Corri,
Holy crap Batman...I think you nailed it. Some aspects about the situation might not be correct but I think there's something there.
It's very confusing because on one hand, she says "I want you to tell me when I do something bad" but on the other, she says "I'm feel like I'm walking on eggshells now and that I'm about to make a mistake that sets you off". I simply said that my insanity probably has more to do with the fact that I haven't allowed myself to "love" or be vulnerable in 10 years and that I know that lack of eye contact and proximity shouldn't make me think that everything she has been doing doesn't count. Afterall, she did do some things yesterday to contribute to the R which I didn't acknowledge before going into my tirade about the eye contact and proximity. I could barley remember that she did them. I know there's a couple issues with how I handle my feelings but it was wierd...they went from a happy 7 to -10 in about 1 hour.

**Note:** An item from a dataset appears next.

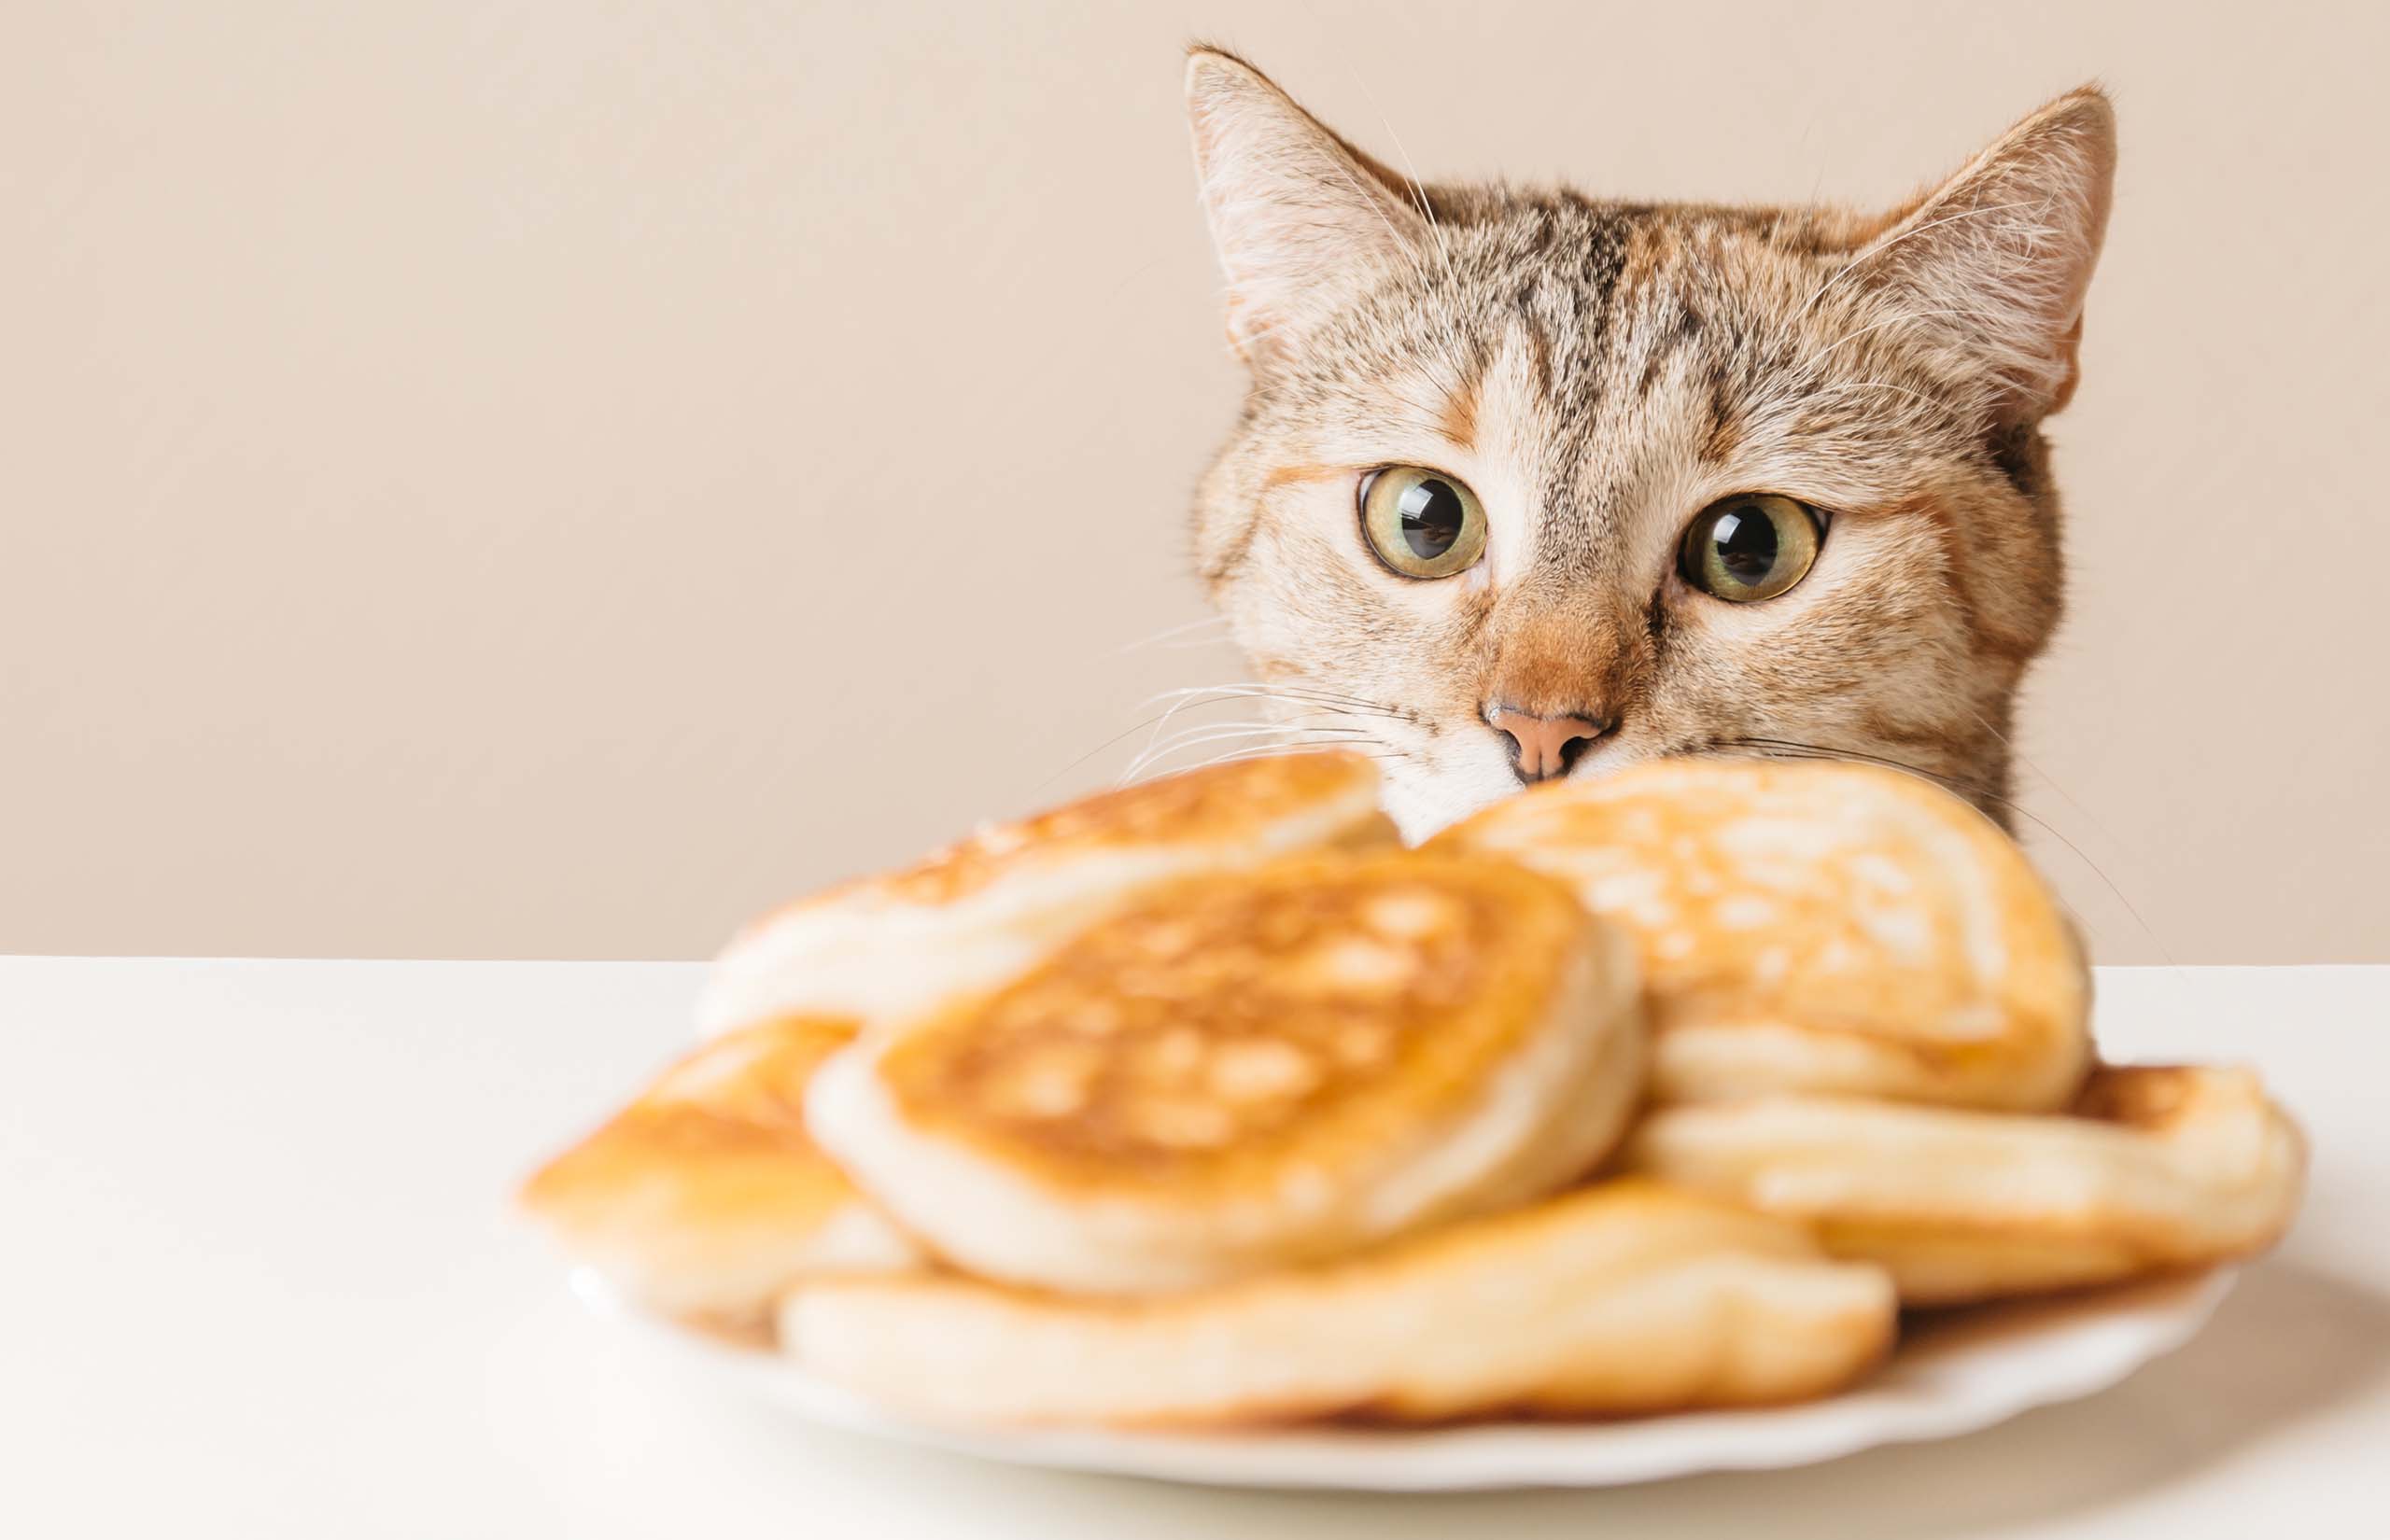 10 human foods that are dangerous for cats

By the end of our discussion, she said that one factor is that it's her "week" and that she felt nasty and stinky after all the painting. So I give her that one. She facetiously told me to keep a scorecard so that I can judge whether a day was "good" or "bad".
I have a question about not letting her off the hook....

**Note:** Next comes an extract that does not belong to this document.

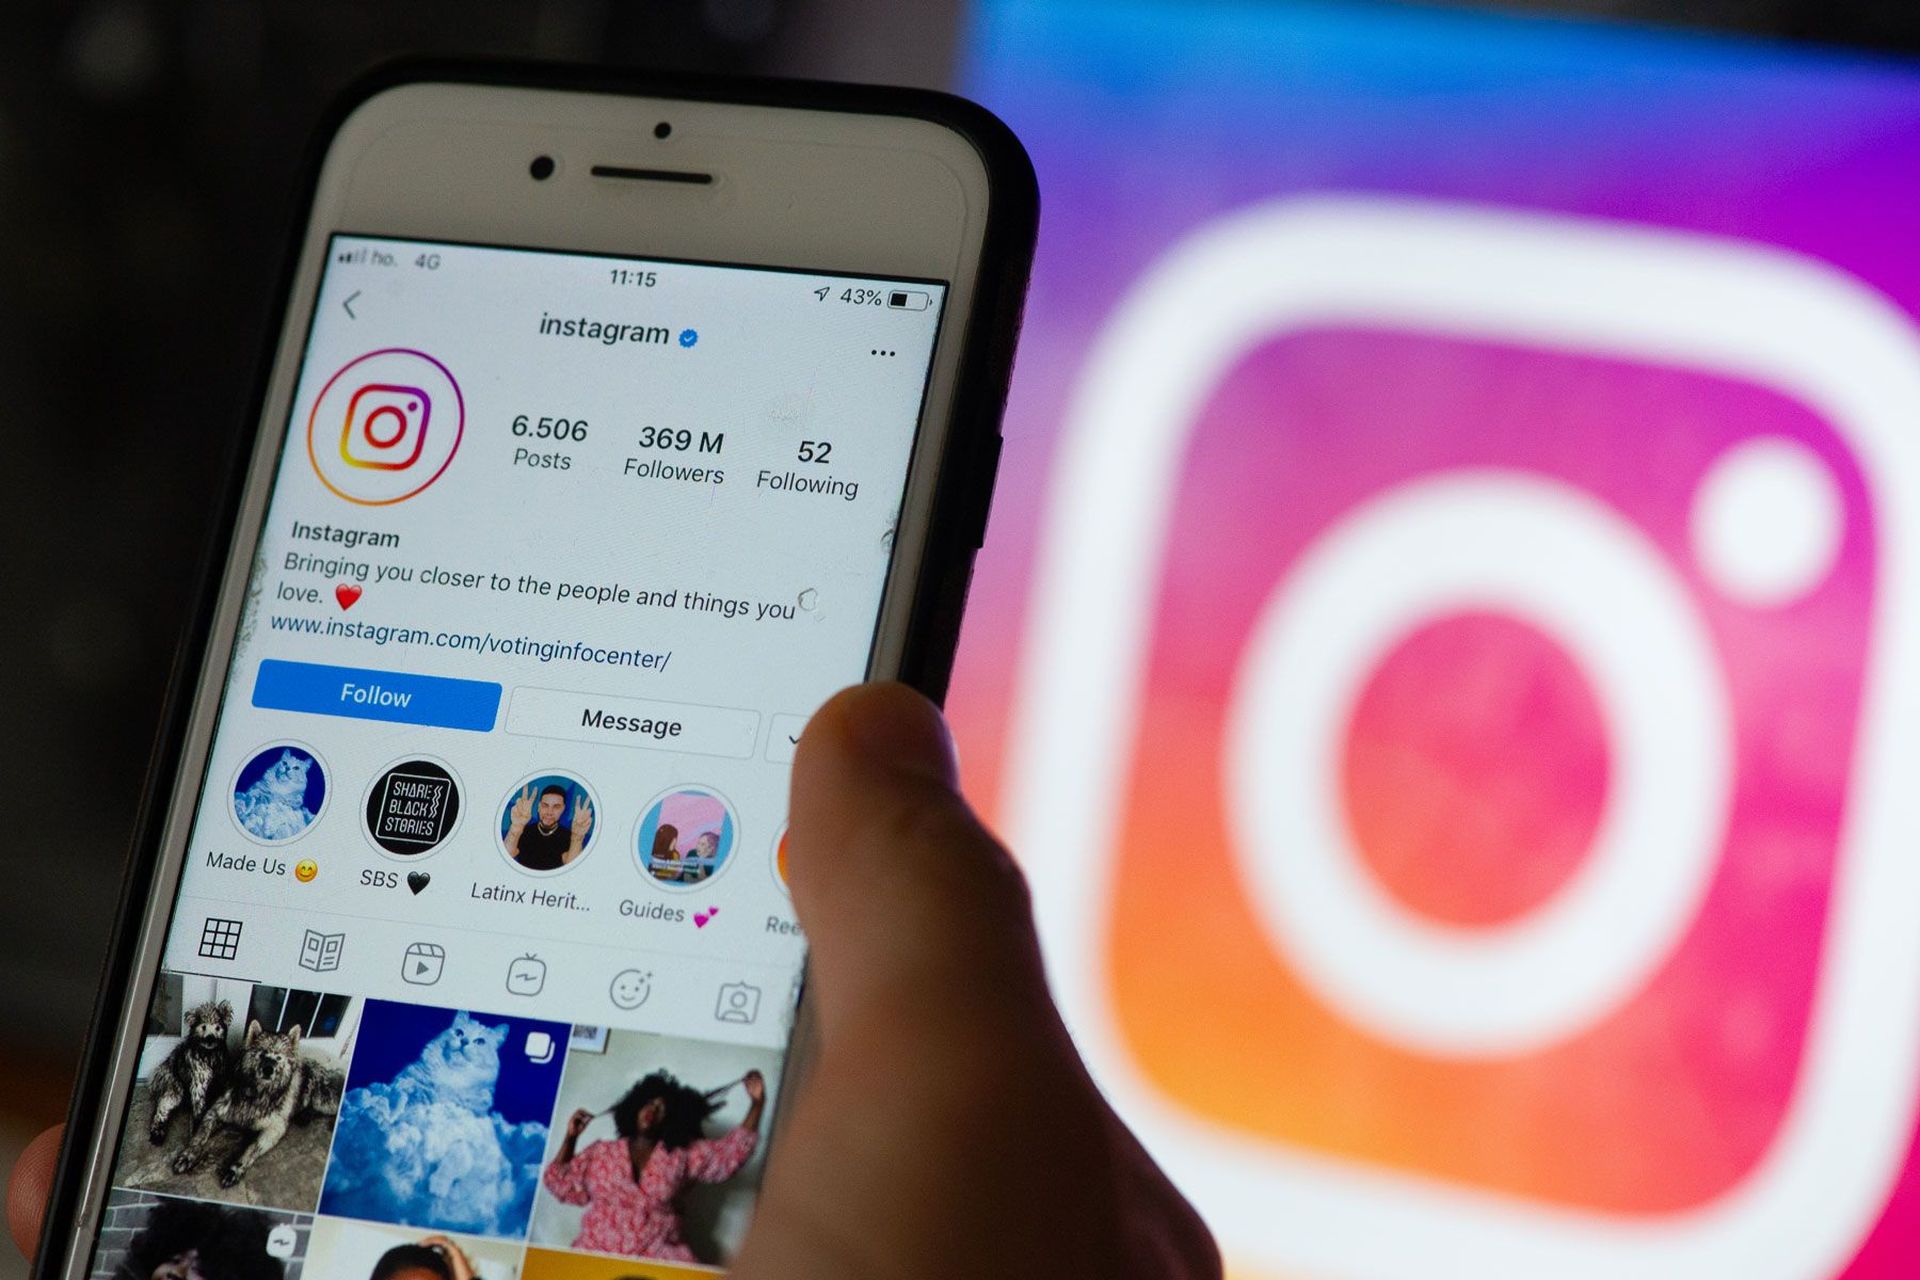 Instagram skipping stories glitch: How to the fix Instagram stories too fast issue?

Should I wait a few days, then disclose the issue even if I come to see it as silly? Or should I simply say that I was "just feeling bothered for illogical reasons". I told her last night, before unleashing, that I probably should stay quiet because it was probably irrational. Afterwards, she agreed that I shouldn't have. By the time we were done though, the way i saw the world had changed and I clearly did see how irrational I was. But when were calm, we had some nice talks.
I DID ask her if she feels like she doesn't get an opportunity to talk about her self to others because typically shes doing all the listening. She said that her college friend is her sounding board and provides "straight" feedback. She told me that she asked her friend this question..."isn't it typical for wives to only have a sex a few times a year"...her friend told her she was totally nuts. But Corri, I really think you are on to something that she might not be facing up to. If there is, then she's a masterful liar because besides telling me how much she loves me, she tells her friends too..(I just found out). She said she wants to work towards the "vision" of a perfect marriage with me. If it's not me, but something else, then I wish she would recognize that this "deep" issue is about to blow our marriage apart. Is she simply hanging on for dear life right now?